В 1947 году Константин Дмитриевич с супругой приедет на место, где располагался саласпилский лагерь «Долина смерти». Сосны там по-прежнему стояли без коры — ее съели пленные, и раны на деревьях так и не зарубцевались. «Мне иногда не верится, что это было со мной, а как будто приснилось в кошмарном снe», — сказал тогда молодой писатель. К повести, посвященной саласпилским событиям, он возьмет эпиграфом из «Слова о полку Игореве» такие горькие слова: «Уж лучше убитому быти, нежели полоненному быти». Ее «невозможно читать залпом: написанная сразу после фашистского плена,— кажется, она кровоточит каждой своей строкой», — отозвался об этой книге Е. Носов. Цитируем Воробьёва: «И Ржевский лагерь выделялся черным пятном в зимние холода потому, что был съеден с крошками земли холодный пух декабрьского снега. ‹…› И существовало образцово-показательное место убийства пленных в Смоленске. И еле передвигались от голода заключенные в «Долине смерти». И были 150 г. плесневелого хлеба из опилок, и 425 г. варева из крапивы в сутки, и эсэсовцы, вооруженные лопатами, убивали беззащитных людей. Но там же, в аду концлагерей, были и беспредельное мужество, и трепетная товарищеская помощь, и невероятный, почти мифологический героизм. ‹…› Терпя голод, холод, каждодневные издевательства, боль, военнопленные физически были почти уничтожены. Но морально многие из них остались несломленными. В них жило то, что можно вырвать, но только цепкими когтями смерти. Оно заставляет тело терпеть до израсходования последней кровинки, оно требует беречь его, не замарав и не испаскудив ничем». В 1946 году рукопись повести автор отправил в журнал «Новый мир», но опубликована она не была. У самого писателя полного экземпляра повести не сохранилось, только в 1985 году, спустя десятилетие после кончины автора, рукопись обнаружилась в архиве, хранящемся в РГАЛИ, и была напечатана в 1986 году в журнале «Наш современник» с названием «Это мы, Господи!..». «Повесть эта, — как отметит через много лет писатель-фронтовик В. Кондратьев, — не только явление литературы, она — явление силы человеческого духа, потому как… писалась как исполнение священного долга солдата, бойца, обязанного рассказать о том, что знает, что вынес из кошмара плена… погружает читателя в кромешный сорок первый год, в самое крошево войны, в самые кошмарные и бесчеловечные ее страницы».

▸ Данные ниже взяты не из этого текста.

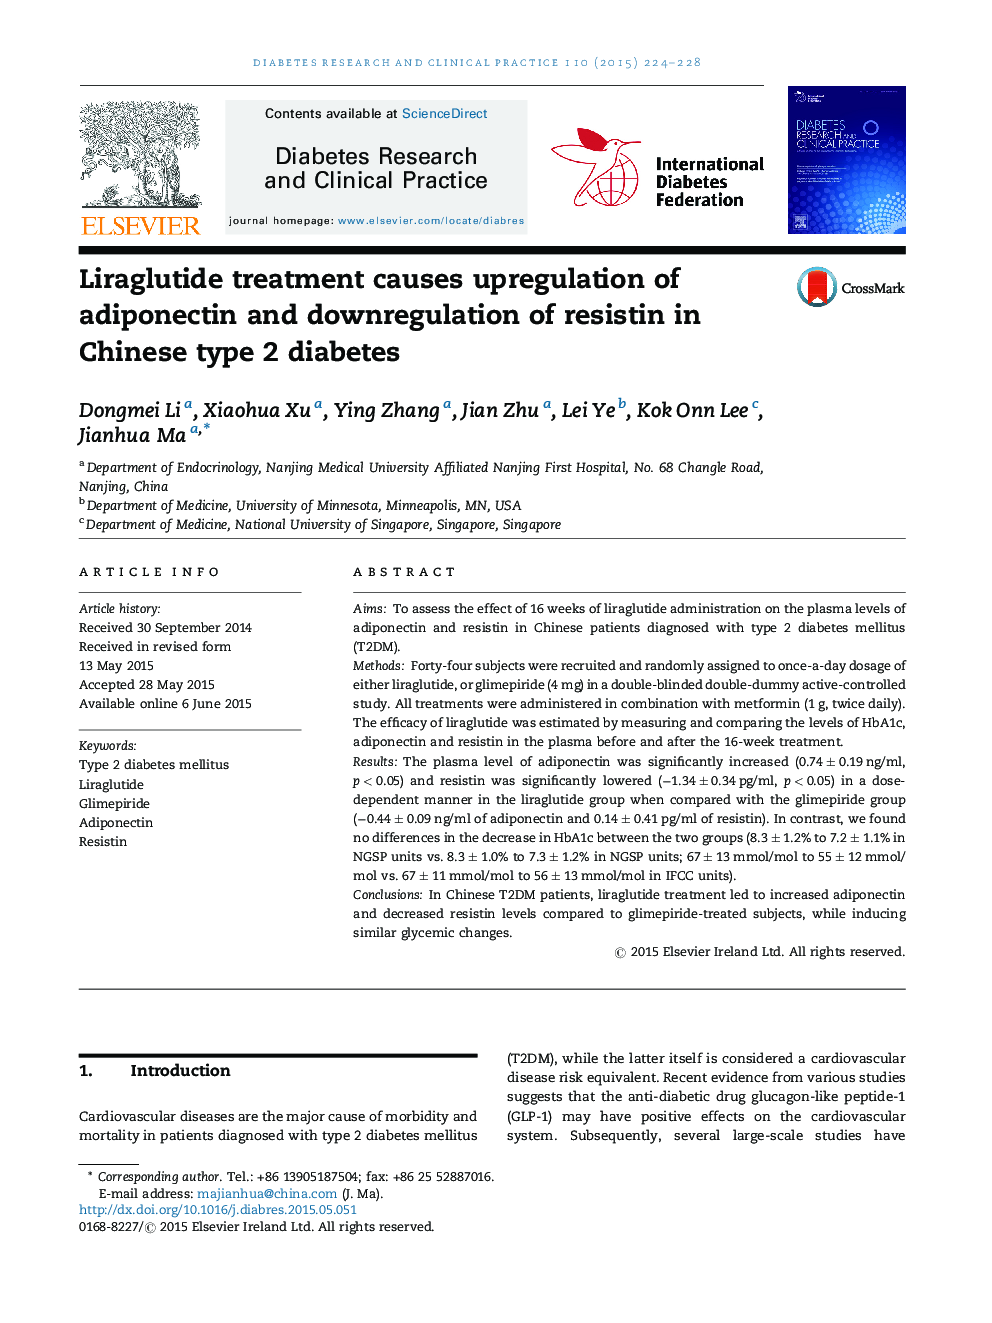 Liraglutide treatment causes upregulation of adiponectin and downregulation of resistin in Chinese type 2 diabetes

После освобождения Шяуляя Воробьёв был назначен начальником штаба МПВО, организованного на базе партизанской группы. Работая на этой должности, смог помочь многим из бывших пленных. «Он отстоял жизнь и будущее всех, кто был в его отряде и кто обращался потом, после прихода наших войск», — вспоминала его жена. В 1947 году Воробьёв был демобилизован, переехал в Вильнюс, работал в снабженческих и торговых организациях, в 1952 году заведовал магазином, отделом литературы и искусства газеты «Советская Литва». Писал повесть о литовской послевоенной деревне. В 1948 году она была закончена, но напечатана только через десять лет в журнале «Нева» под названием «Последние хутора». В 1956 году в Вильнюсе вышел первый сборник его рассказов «Подснежник», а в 1958 году второй — «Седой тополь». Тогда же Воробьёв начал печататься в журналах России. В 1961-м Воробьёв наконец оставил газетную службу.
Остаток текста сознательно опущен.